Mexican gas stations
Private companies as of last week can own and operate gas stations, as Mexico opens the gasoline retail sector to competition.
Options for investors include opening new outlets, and becoming partners of the operators of existing stations, most of whom are franchisees or lessees of Pemex, the state-owned company, which for 78 years had a monopoly on all aspects of Mexico’s oil business.
Mexico currently has around 12,000 gas stations.
In addition, gas station operators will as of June be able to import gasoline and diesel fuel, in addition to buying from Pemex.
United States-based Gulf Oil LP, the first foreign company to open non Pemex-branded gas stations, plans to have 100 outlets operating by the end of the year, both full-service and self-service.
For its part, Mexico’s biggest Coca-Cola bottler plans to turn more than 200 Pemex outlets into OXXO stations, through arrangements with current operators.

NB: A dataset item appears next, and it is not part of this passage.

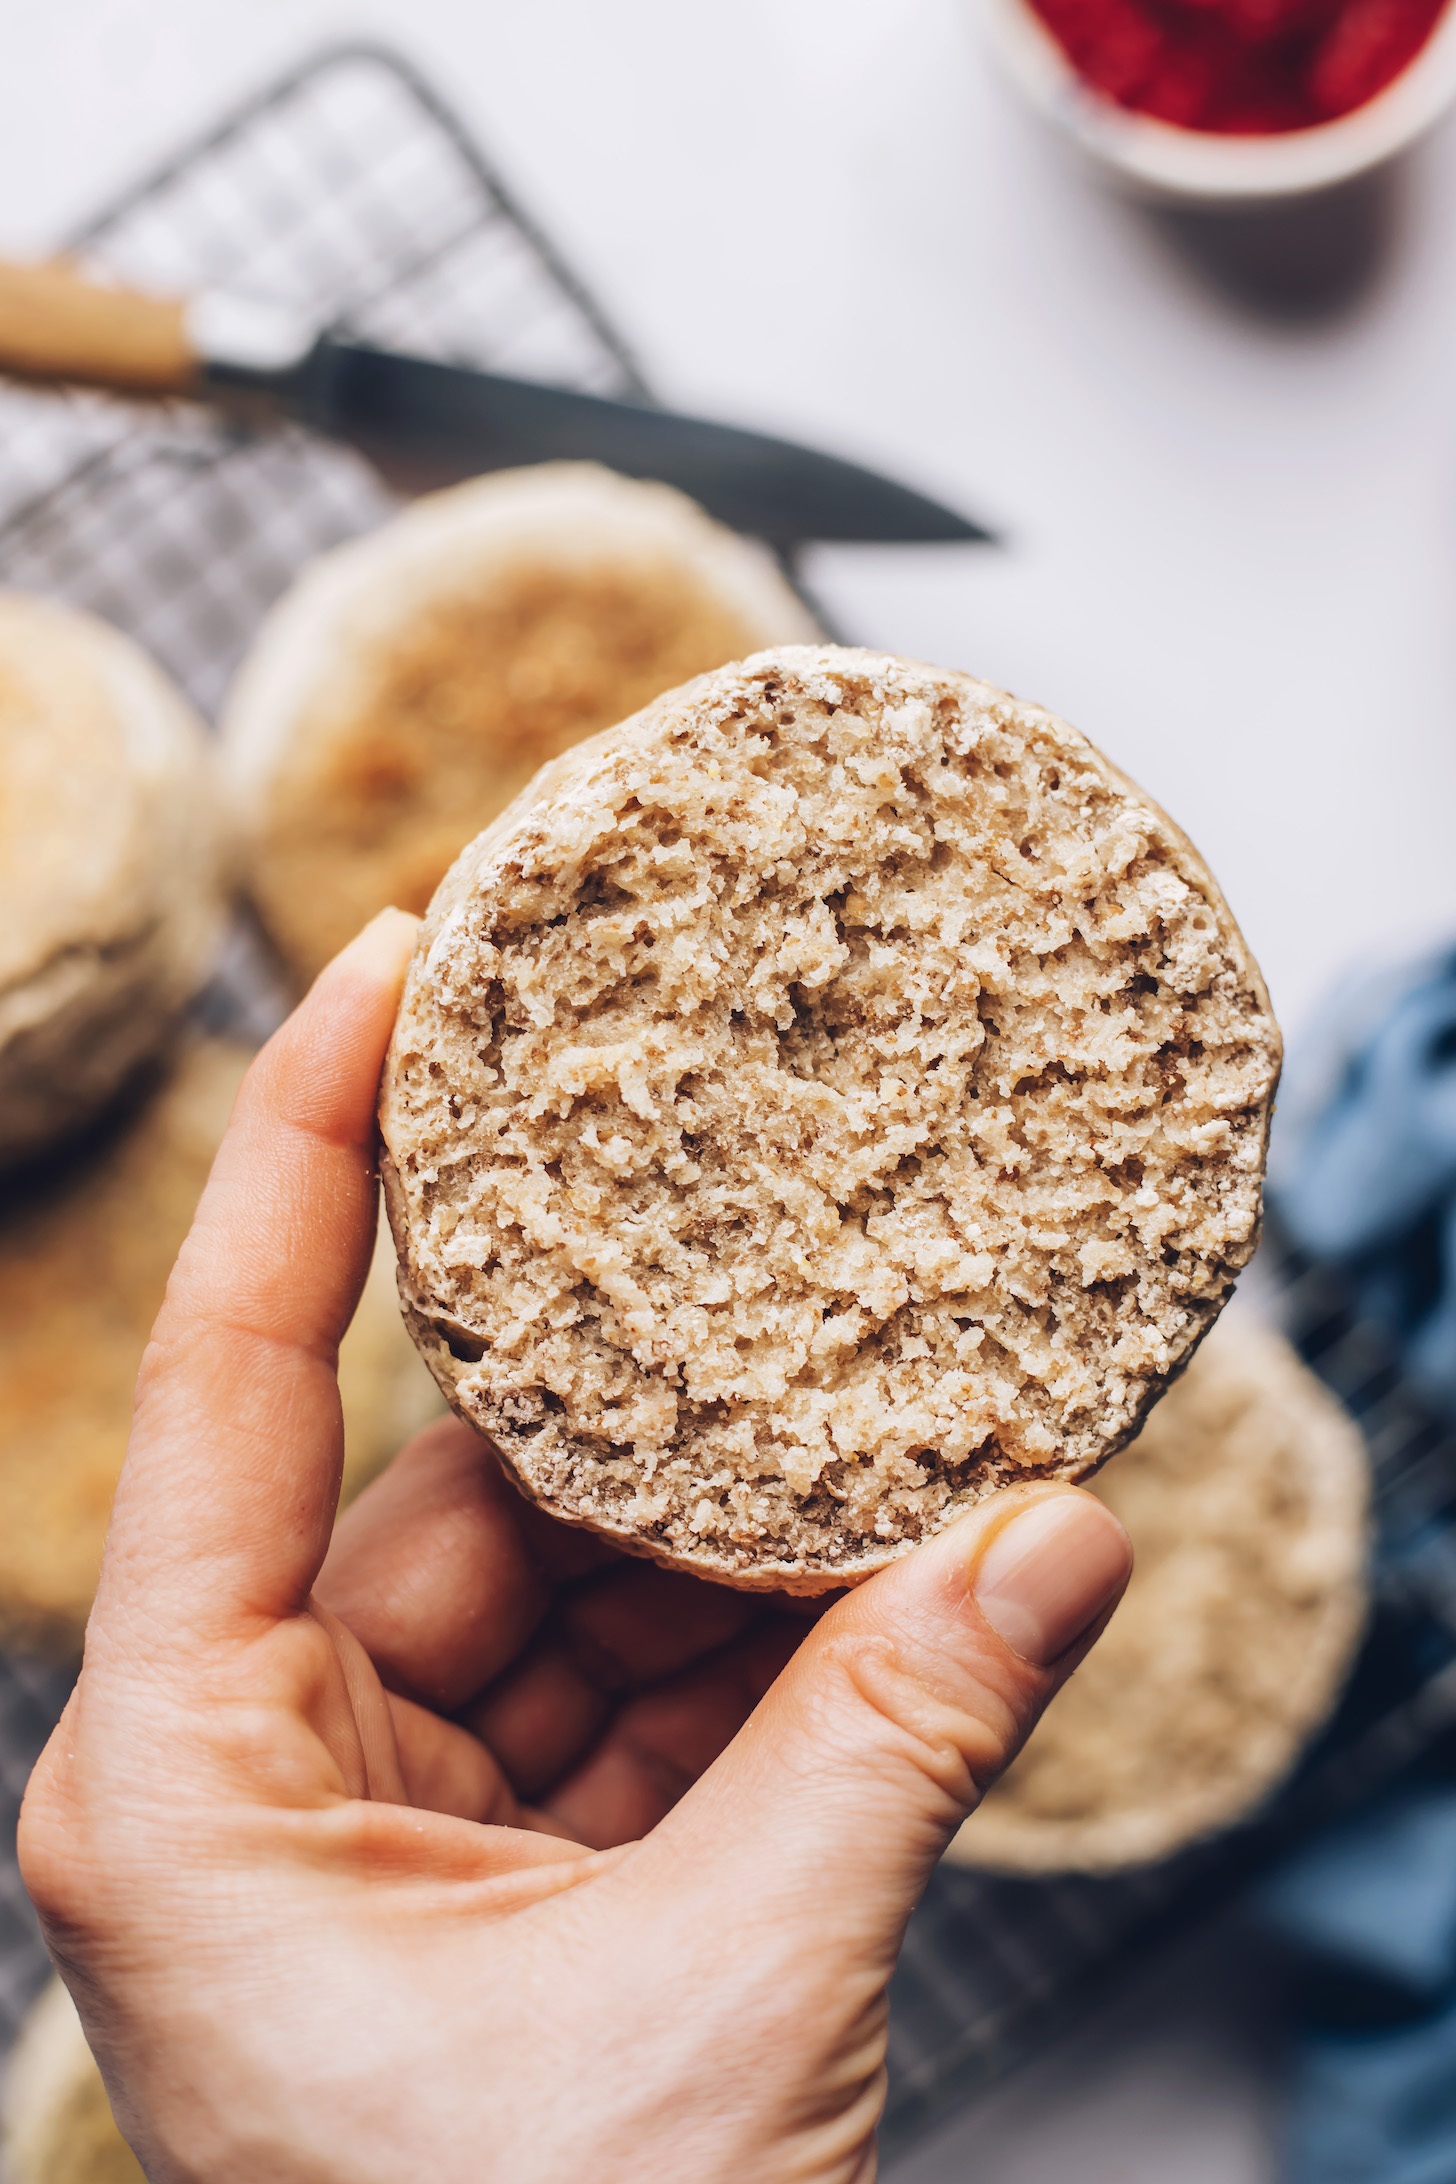 Showing the inside of a homemade gluten-free English muffin

Femsa-owned OXXO is Mexico’s biggest chain of mini supermarkets, with more than 13,000 locations, including convenience stores in many gas stations.
The rate of expansion of privately-owned chains of gas stations is likely to increase, with the expiration over time of existing contracts between operators and Pemex.
Environmental and local commercial approvals would be needed for any new outlet.
Mexico in 2014 approved sweeping reforms to the country’s oil-gas sector, including the right of private companies – national and foreign – to develop oil-gas resources.